* MATERIAL PROVIDED
● ● ●
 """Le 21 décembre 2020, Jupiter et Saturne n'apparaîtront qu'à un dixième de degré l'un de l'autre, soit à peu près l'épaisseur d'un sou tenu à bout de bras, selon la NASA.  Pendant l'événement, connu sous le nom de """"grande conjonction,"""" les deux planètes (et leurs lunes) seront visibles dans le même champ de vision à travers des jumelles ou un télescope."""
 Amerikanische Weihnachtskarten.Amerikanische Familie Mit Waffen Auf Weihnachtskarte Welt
● ● ●
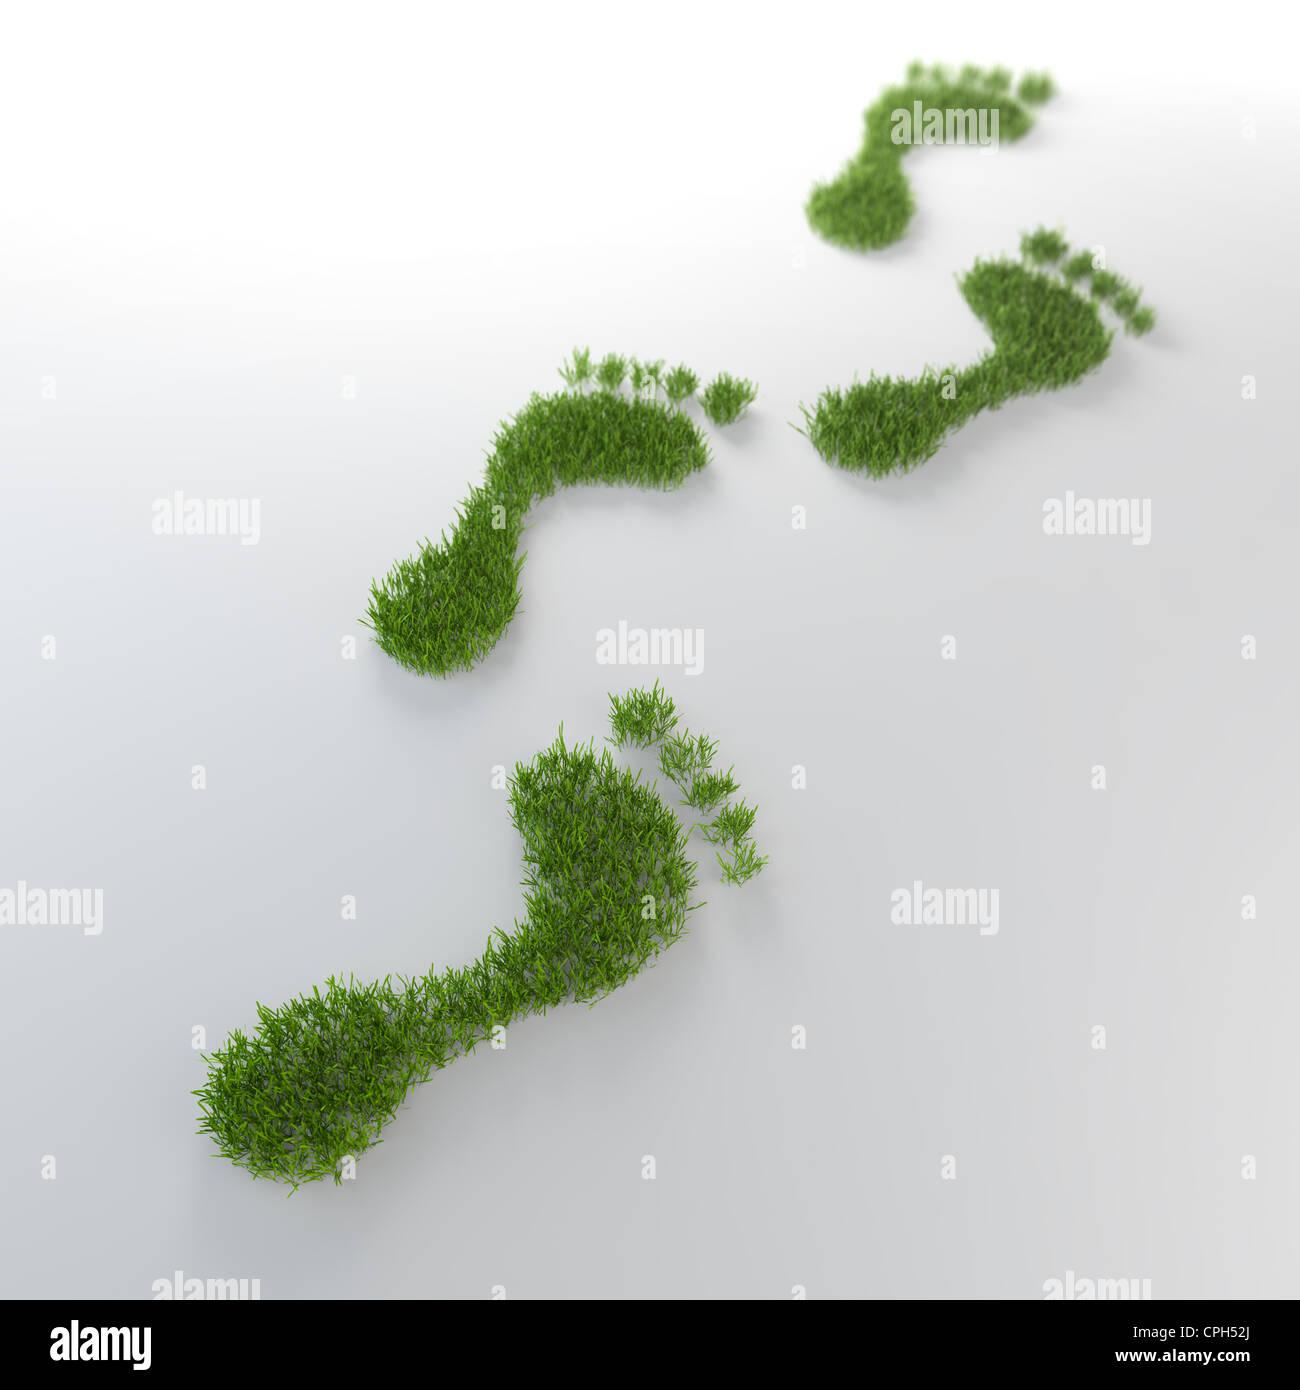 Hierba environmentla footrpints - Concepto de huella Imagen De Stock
● ● ●
* EXERCISE PROMPT
Above are the entries. Copy exactly the part that opens with the line containing "décembre 2020, Jupiter" and closes with the line containing "Amerikanische Weihnachtskarten.Amerikanische Familie", and no more.

* REPLY TO THE EXERCISE
 """Le 21 décembre 2020, Jupiter et Saturne n'apparaîtront qu'à un dixième de degré l'un de l'autre, soit à peu près l'épaisseur d'un sou tenu à bout de bras, selon la NASA.  Pendant l'événement, connu sous le nom de """"grande conjonction,"""" les deux planètes (et leurs lunes) seront visibles dans le même champ de vision à travers des jumelles ou un télescope."""
 Amerikanische Weihnachtskarten.Amerikanische Familie Mit Waffen Auf Weihnachtskarte Welt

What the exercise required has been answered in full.